⟨

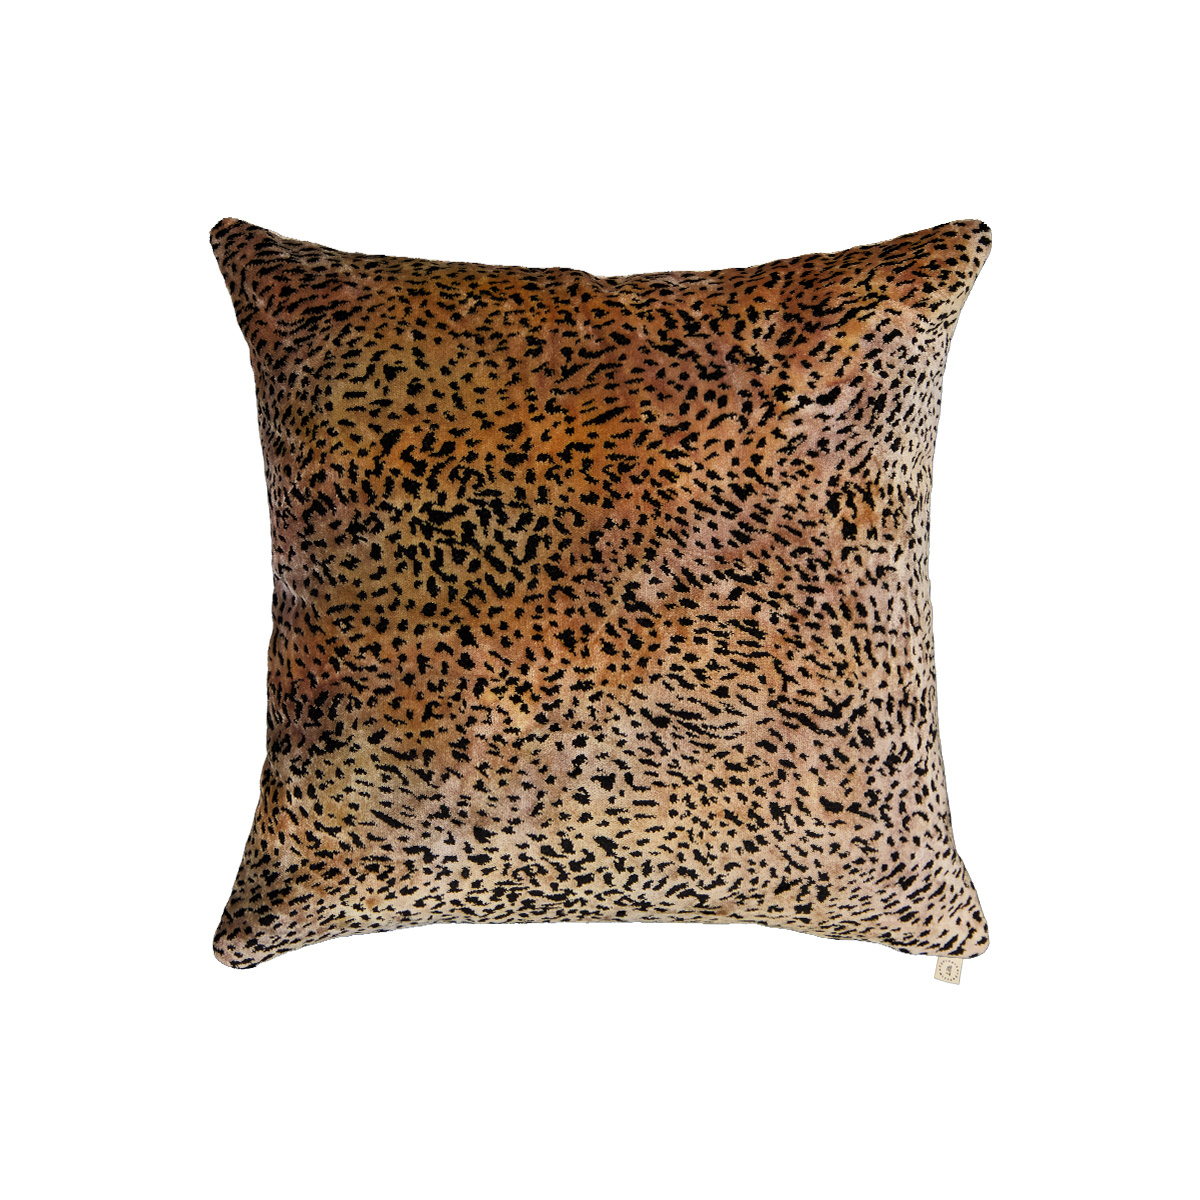 Coussin Carino carré en velours Roseanna jacquard léopard
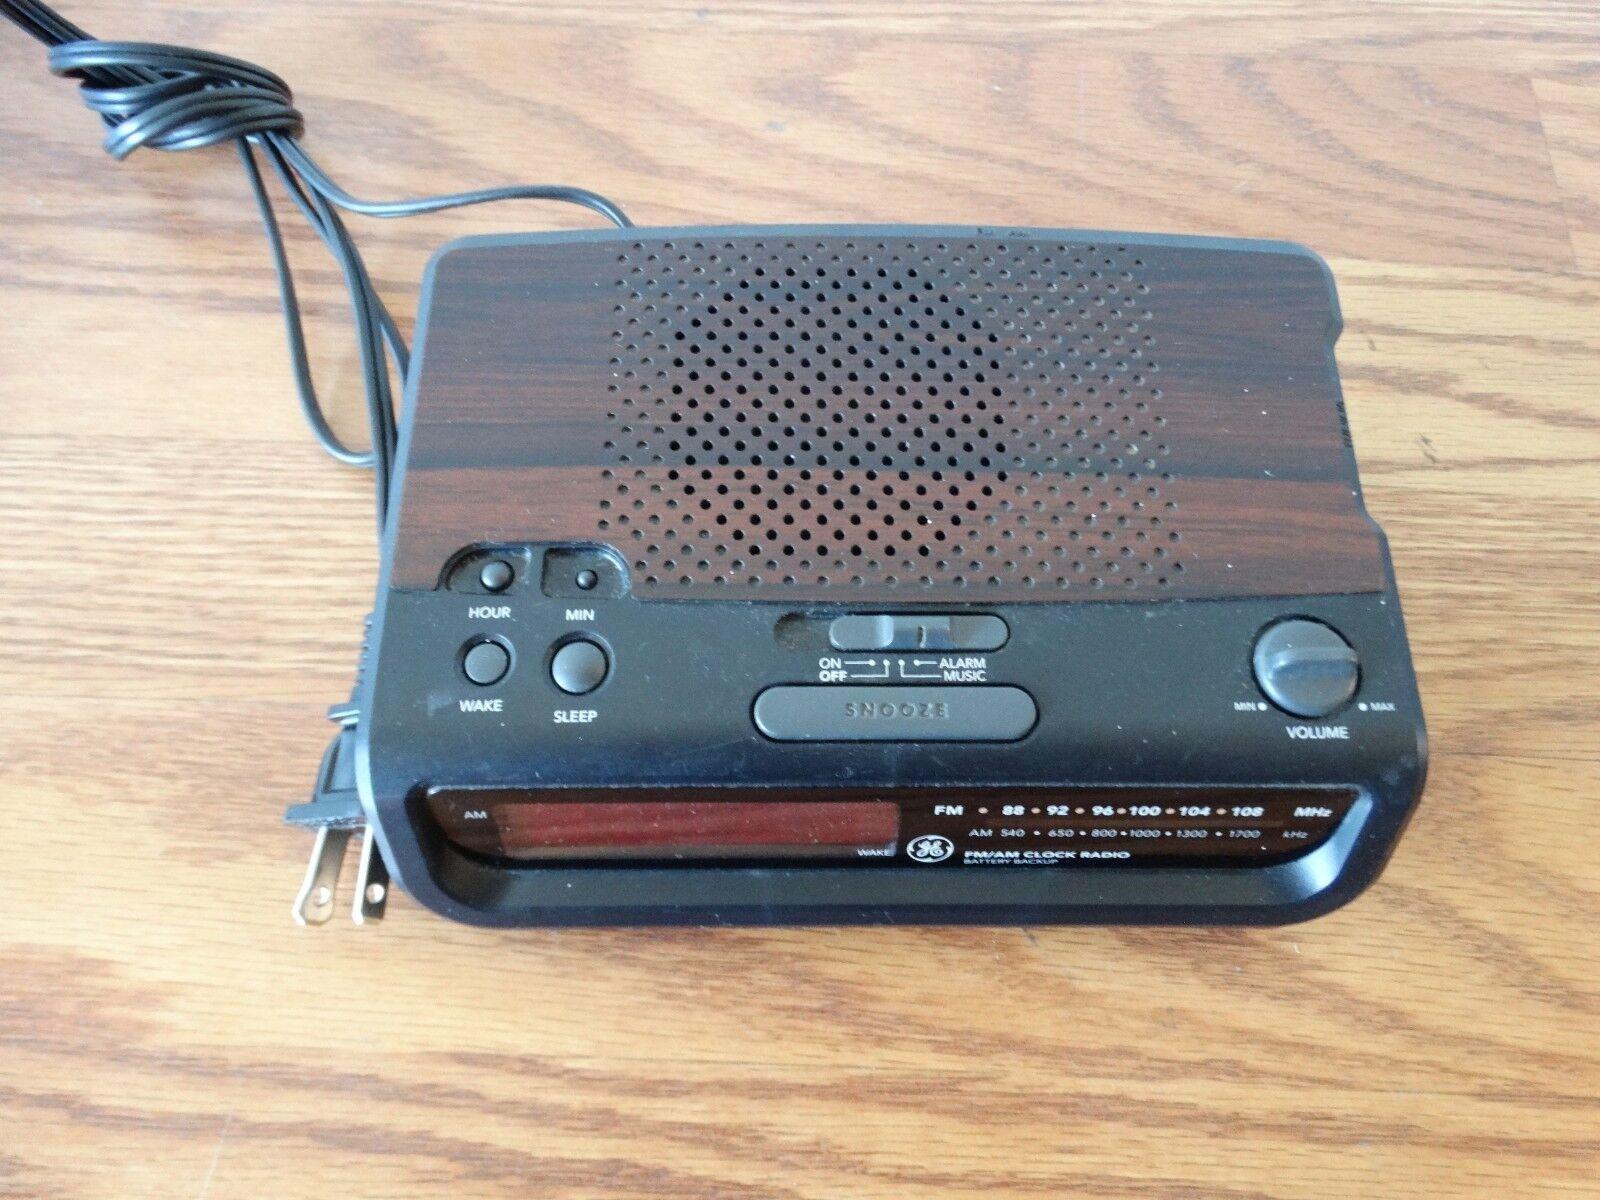 Vintage GE 7-4613A AM/FM Digital Clock Radio Alarm Snooze Tested Working
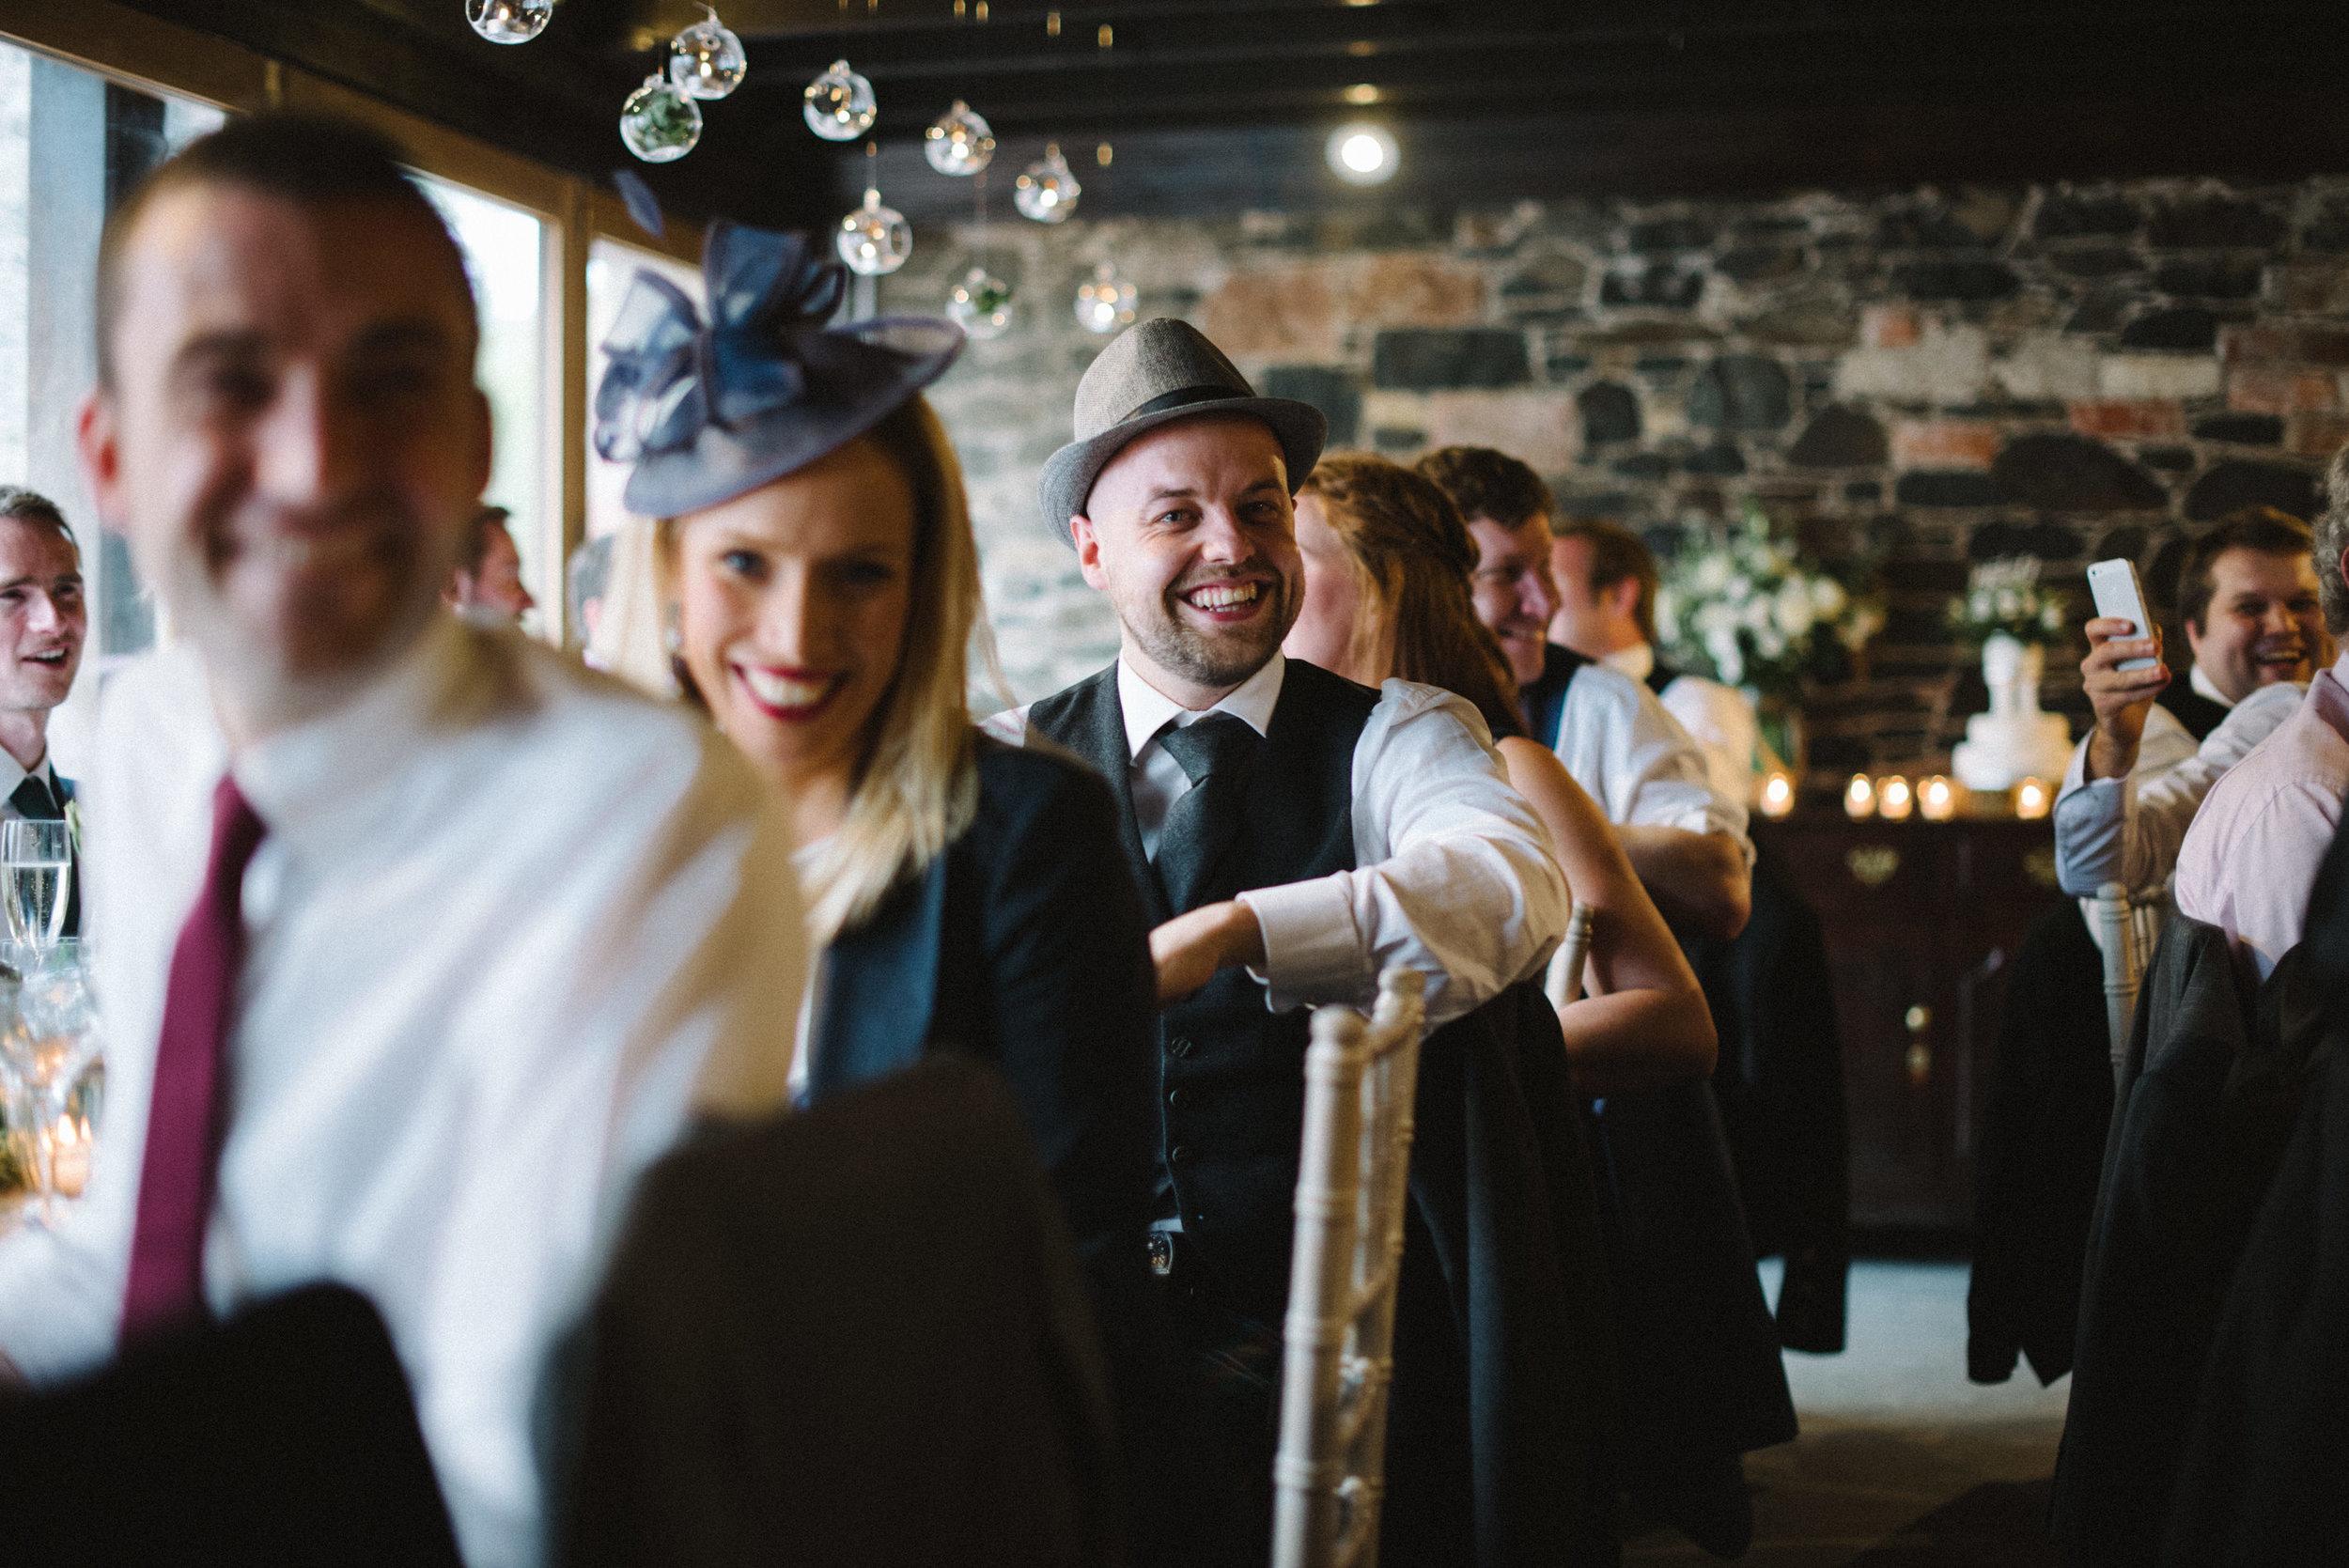 0104-LISA-DEVINE-PHOTOGRAPHY-ALTERNATIVE-WEDDING-PHOTOGRAPHY-SCOTLAND-DESTINATION-WEDDINGS-GLASGOW-WEDDINGS-COOL-WEDDINGS-STYLISH-WEDDINGS.JPG

⟩

### Task prompt:
Once the line containing "Vintage GE 7-4613A" is found, transcribe it and the rest of the lines to the end of the listing above exactly, omitting all pictures.

### Expected answer:
 Vintage GE 7-4613A AM/FM Digital Clock Radio Alarm Snooze Tested Working
 0104-LISA-DEVINE-PHOTOGRAPHY-ALTERNATIVE-WEDDING-PHOTOGRAPHY-SCOTLAND-DESTINATION-WEDDINGS-GLASGOW-WEDDINGS-COOL-WEDDINGS-STYLISH-WEDDINGS.JPG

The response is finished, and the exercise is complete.